The Primary (pre-treatment) and Secondary (post-treatment) humoral immune responses (means ± s.d.) to tetanus and diphtheria antigens in red knots subjected to different Experimental Treatments. The treatment was almost identical for all birds up to the Primary response (see text). The week before the Secondary response was measured, Flyers (N=6) flew the equivalent of 1500 km in a wind tunnel. Failed Flyers (N=5) were birds originally assigned as Flyers that refused to fly for long periods in the wind tunnel. Controls (N=8) did not fly in the wind tunnel. The long flights had no detectable effect on the humoral immune response of the birds. Humoral immune responses were measured as the antigen-specific antibody response using a kinetic ELISA. A higher antibody titer against a specific antigen was detected as a faster colour change over time [measured in milli Optical Densities (mOD) min^–1], which is equivalent to more antibodies specifically bound to the antigen.

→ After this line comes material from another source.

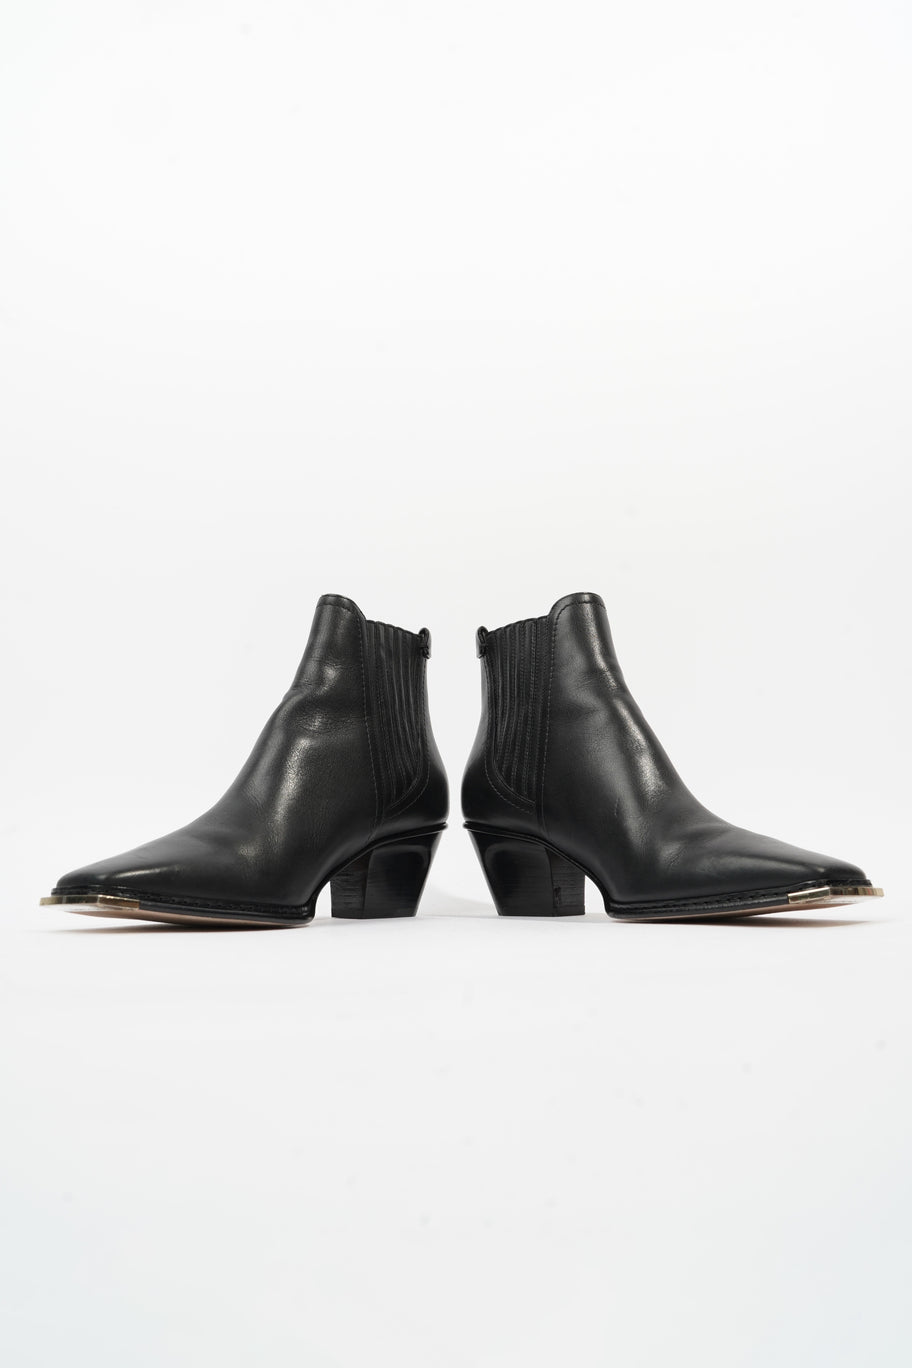 Square Toe Ankle Boots Black Leather EU 38 UK 5 Image 10

We found no difference in wing web swelling caused by a PHA injection between birds of different Experimental Treatments (two-way ANOVA, F_2,14=0.76, P=0.48; Fig. 2), but there was a significant effect of Batch (F_1,14=5.0, P=0.043; birds of Batch 1 had larger swellings than those of Batch 2). When comparing only Flyers and Controls, there was no significant difference in the wing web swelling response to PHA between the Experimental Treatments, but still an effect of Batch (two-way ANOVA, effect of Experimental Treatment, F_1,10=1.03, P=0.335; effect of Batch, F_1,10=5.5, P=0.041). Thus, there was no visible effect of long flights on the cell-mediated immune response.

Corticosterone

Correlation between corticosterone and immune response

Secondary antibody titers of neither tetanus nor diphtheria correlated significantly with baseline corticosterone levels as measured after a week of Flight Treatment (Pearson correlation: tetanus vs corticosterone, r₁₈=–0.07, P=0.78; diphtheria vs corticosterone, r₁₈=0.09, P=0.71). Including body mass in these analyses did not change any results.

Conclusion

Contrary to our predictions, strenuous exercise in the form of 1500 km of flight during a week did not affect either immune responses or corticosterone levels in red knots flying in a wind tunnel. This suggests that these long-distance migrant birds are well adapted to demanding long flights, and that workload per se does not induce immunosuppression. If so, the long migratory flights are not likely to enhance the risk of contracting diseases en route between winter and summer quarters. However, our birds were well fed. Whether poor or unpredictable conditions in the wild, such as adverse weather and food constraints on staging sites, may induce stress and immunosuppression remains to be studied.